Exercise data Block Start
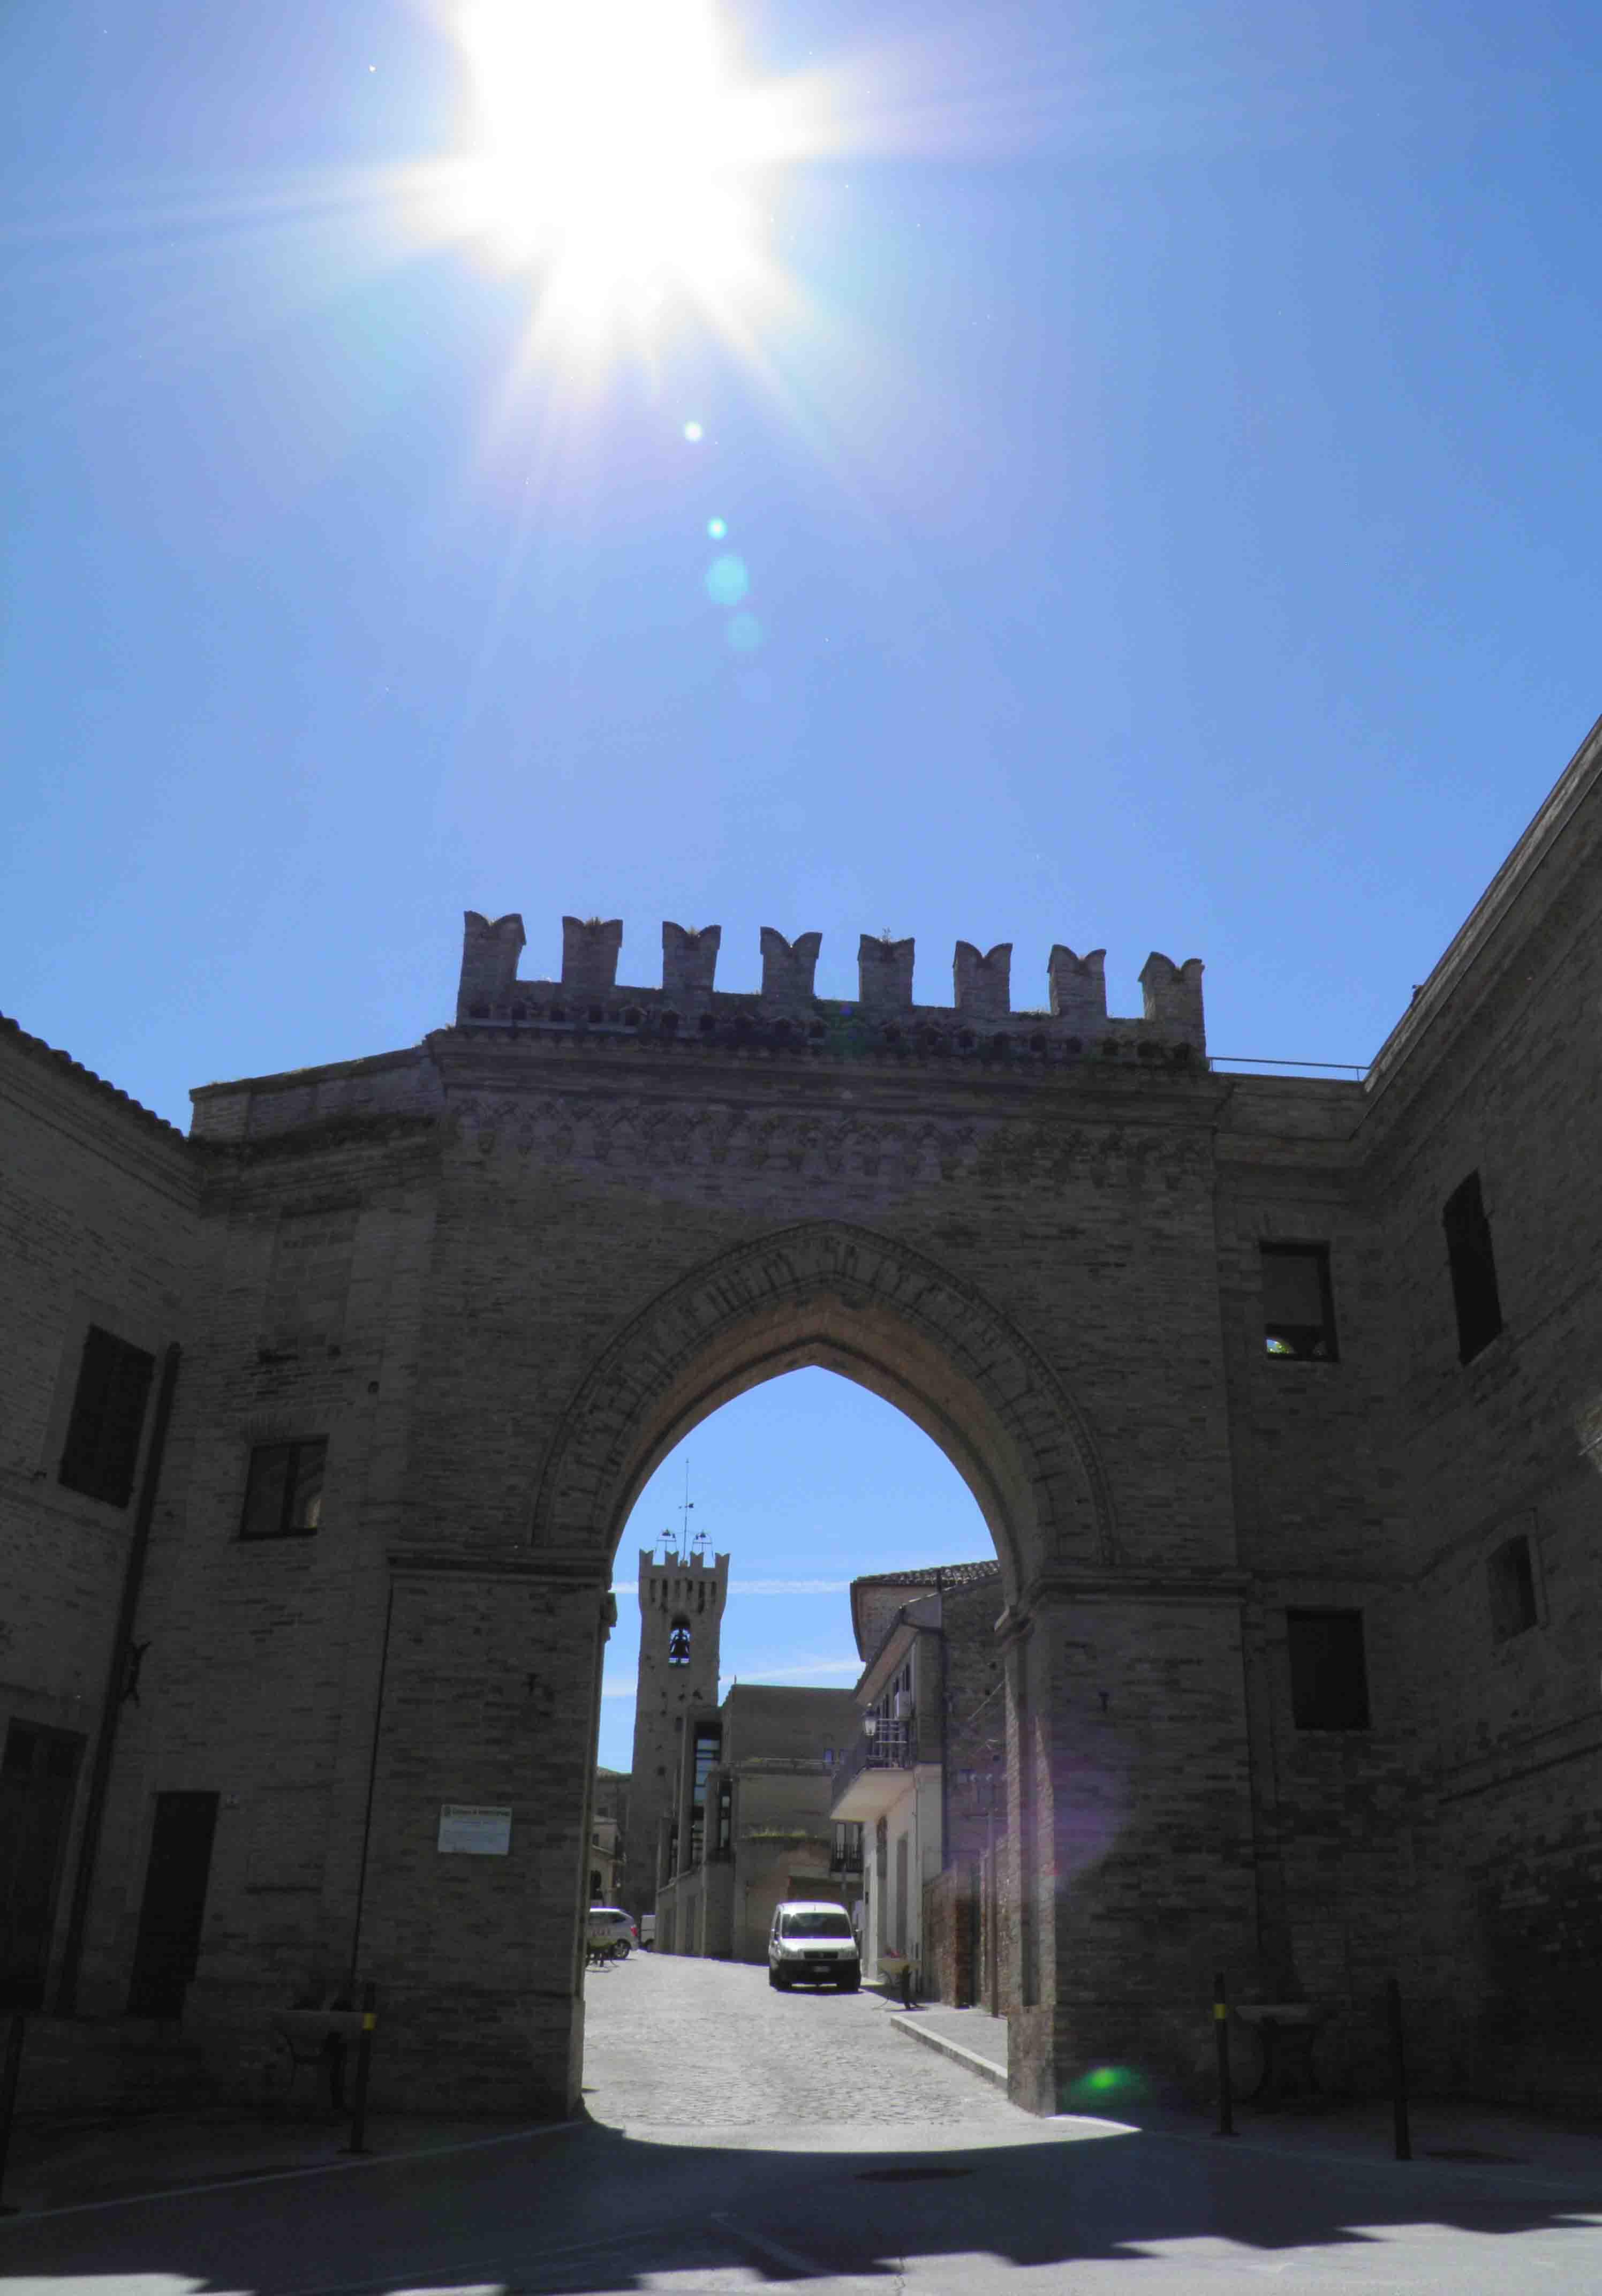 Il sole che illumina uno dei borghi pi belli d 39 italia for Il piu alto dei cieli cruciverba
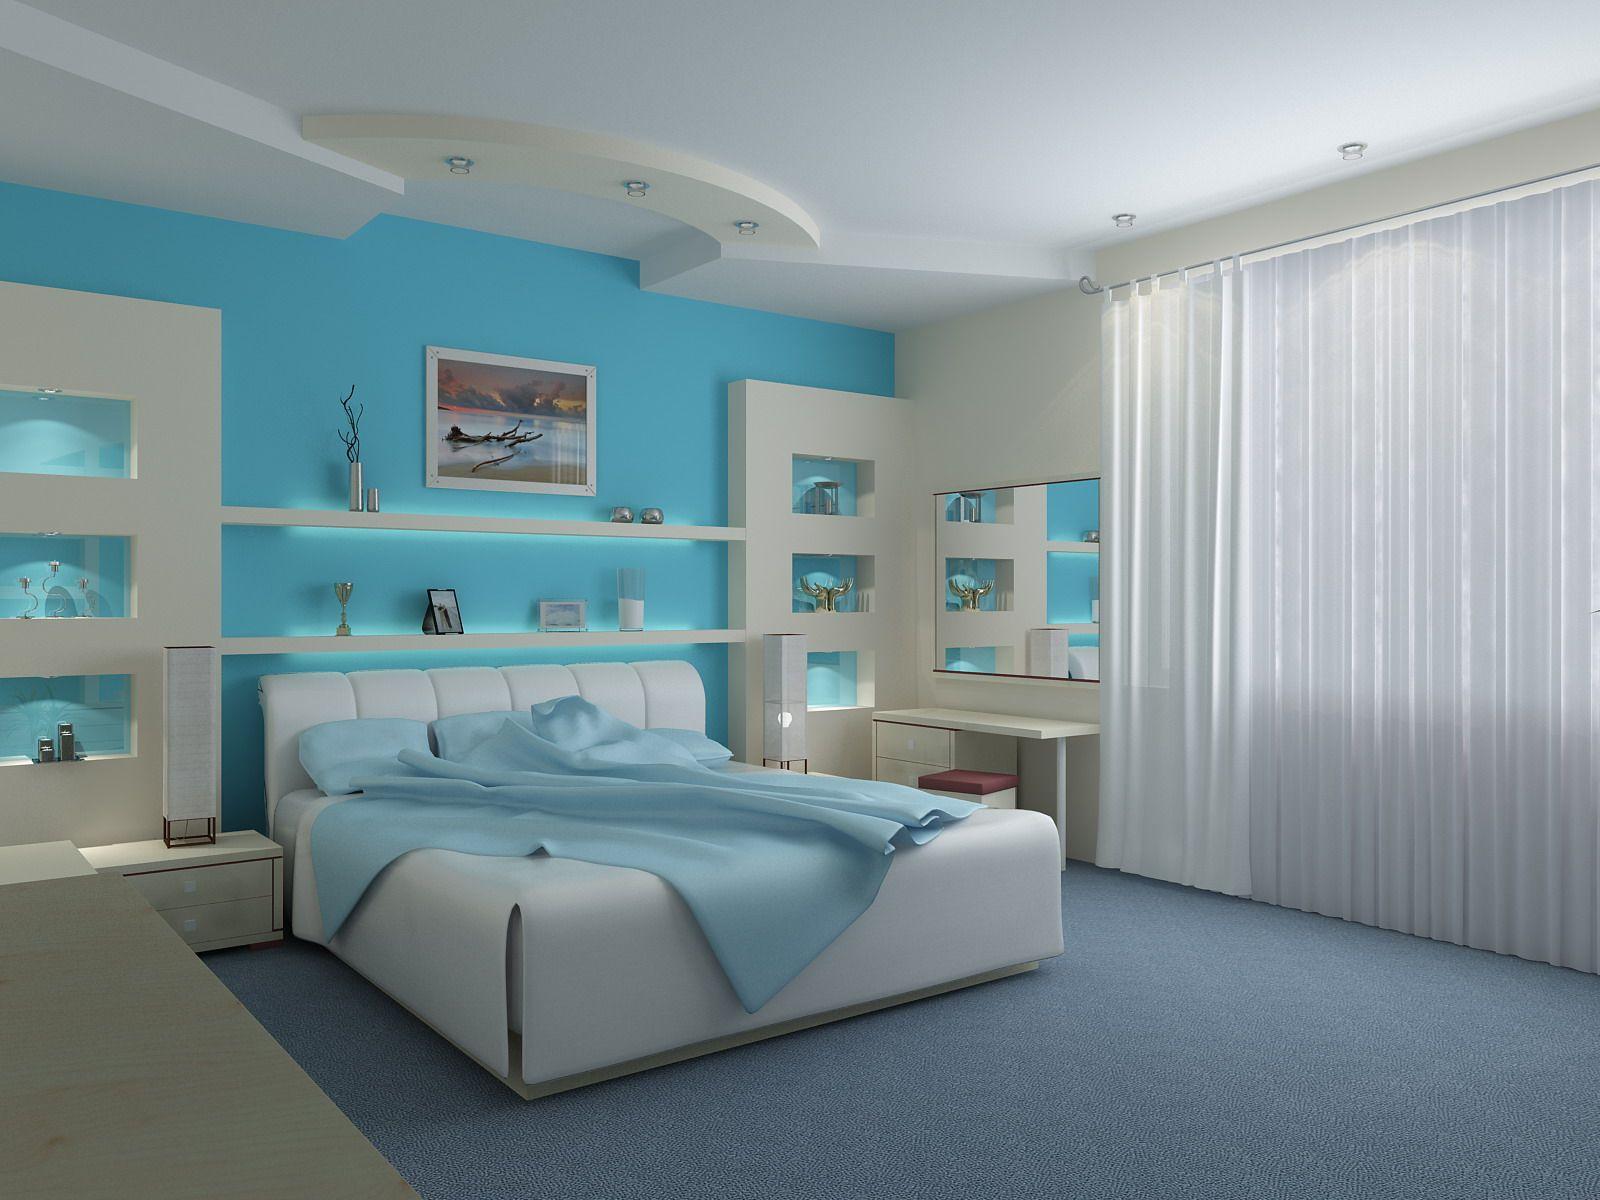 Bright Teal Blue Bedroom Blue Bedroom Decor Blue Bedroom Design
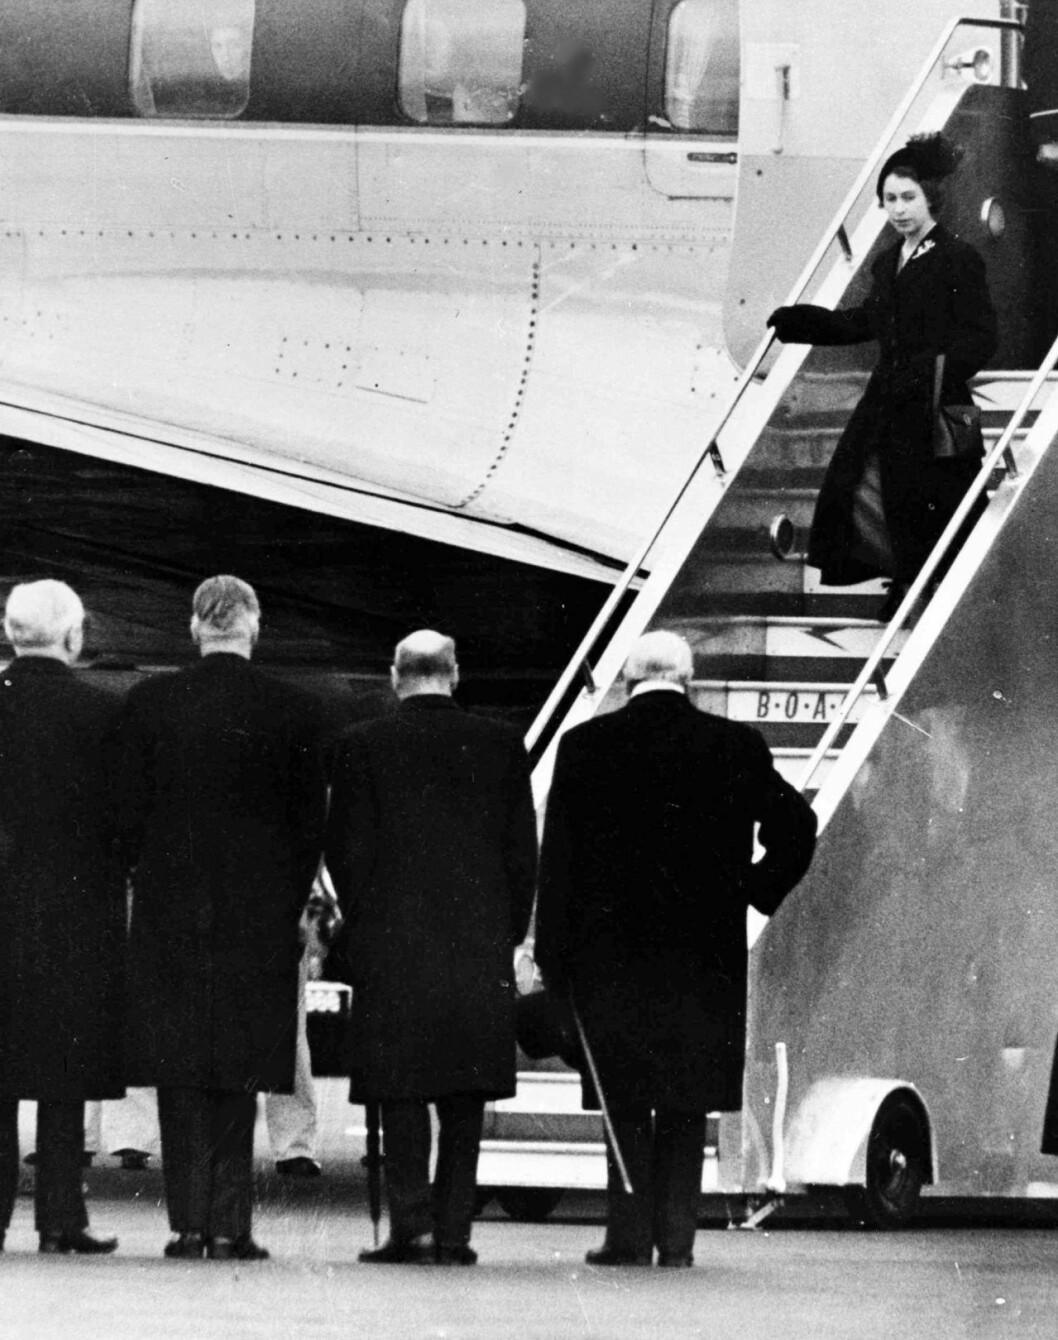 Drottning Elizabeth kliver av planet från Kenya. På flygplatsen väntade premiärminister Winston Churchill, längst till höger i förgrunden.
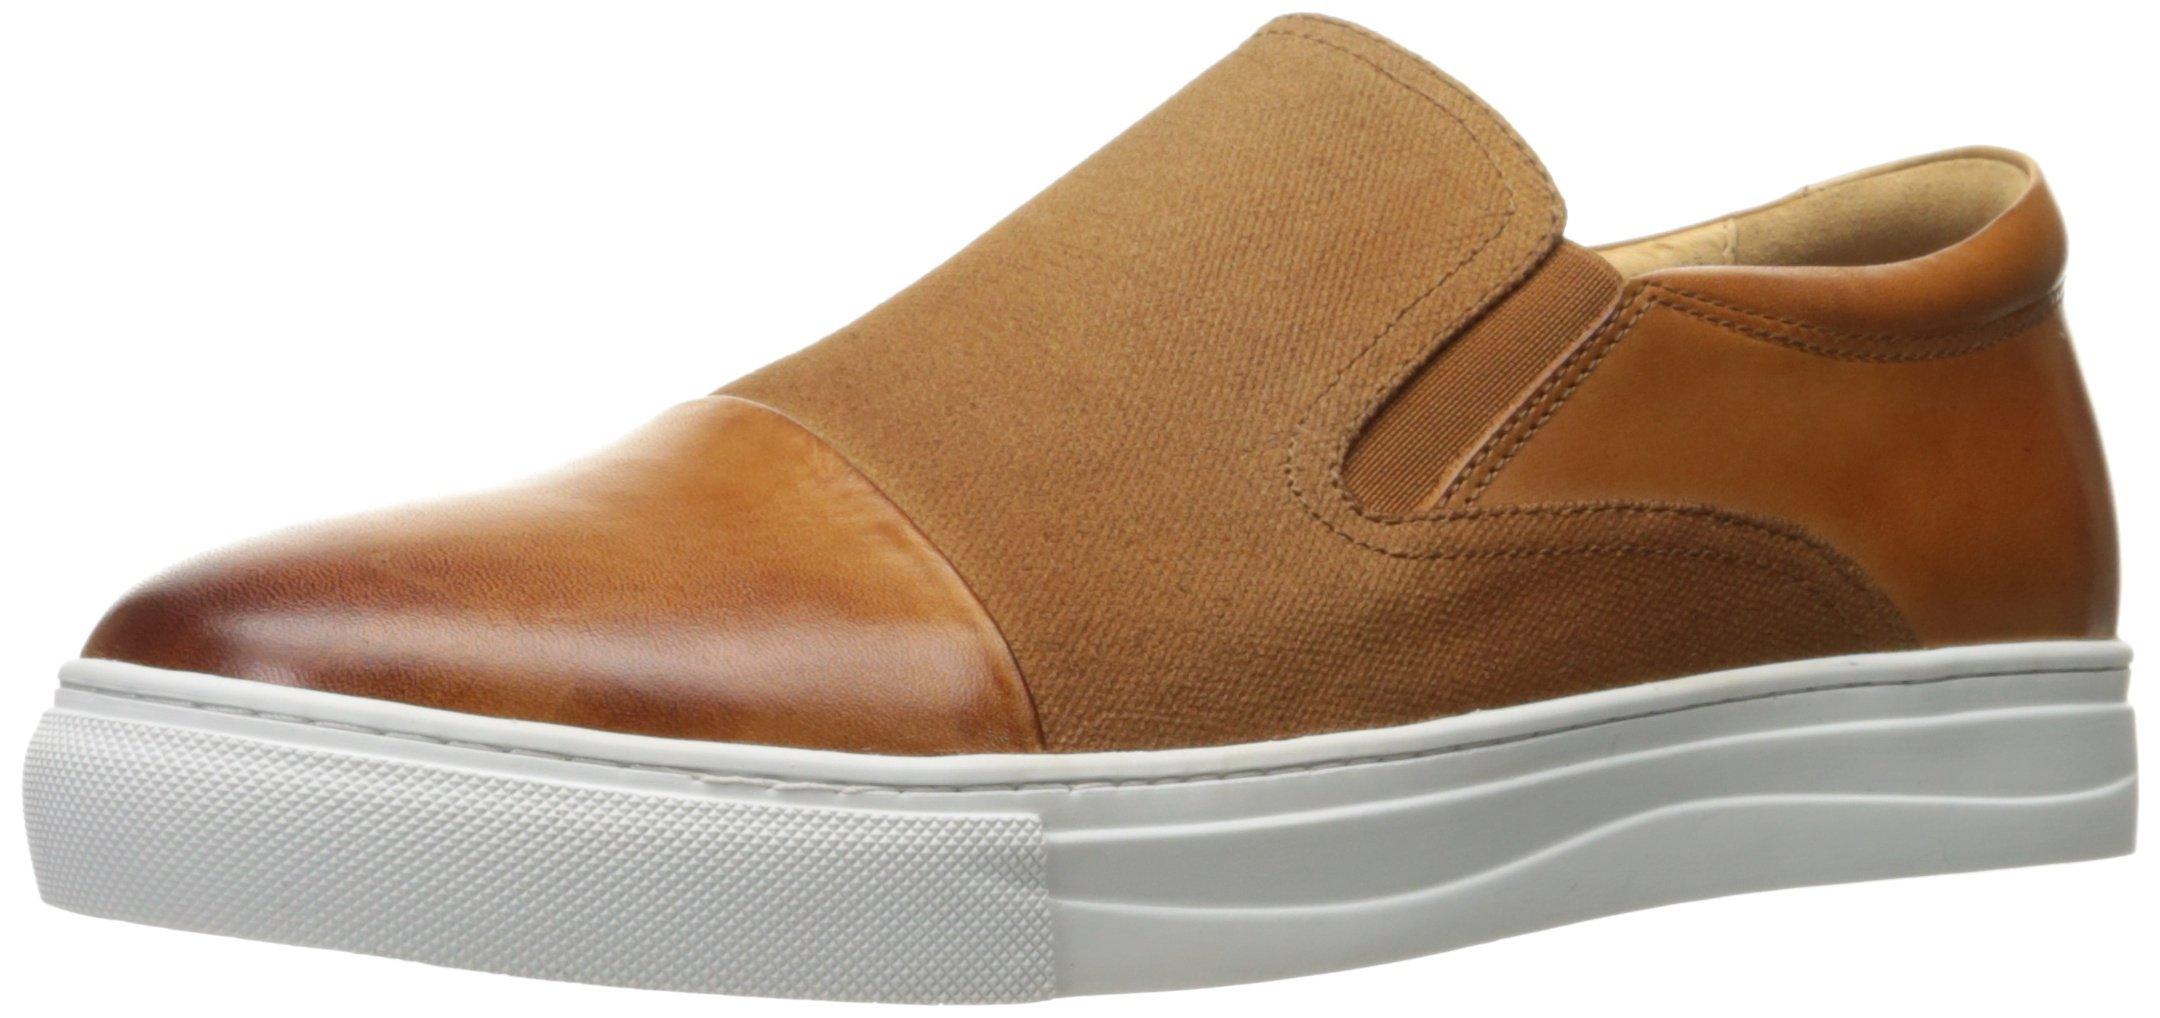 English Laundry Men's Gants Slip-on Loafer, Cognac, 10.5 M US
Exercise data Block End
▶ [Problem to work on]: Copy out every line above without change, dropping the pictures.

▶ [Final answer]:
 Il sole che illumina uno dei borghi pi belli d 39 italia for Il piu alto dei cieli cruciverba
 Bright Teal Blue Bedroom Blue Bedroom Decor Blue Bedroom Design
 Drottning Elizabeth kliver av planet från Kenya. På flygplatsen väntade premiärminister Winston Churchill, längst till höger i förgrunden.
 English Laundry Men's Gants Slip-on Loafer, Cognac, 10.5 M US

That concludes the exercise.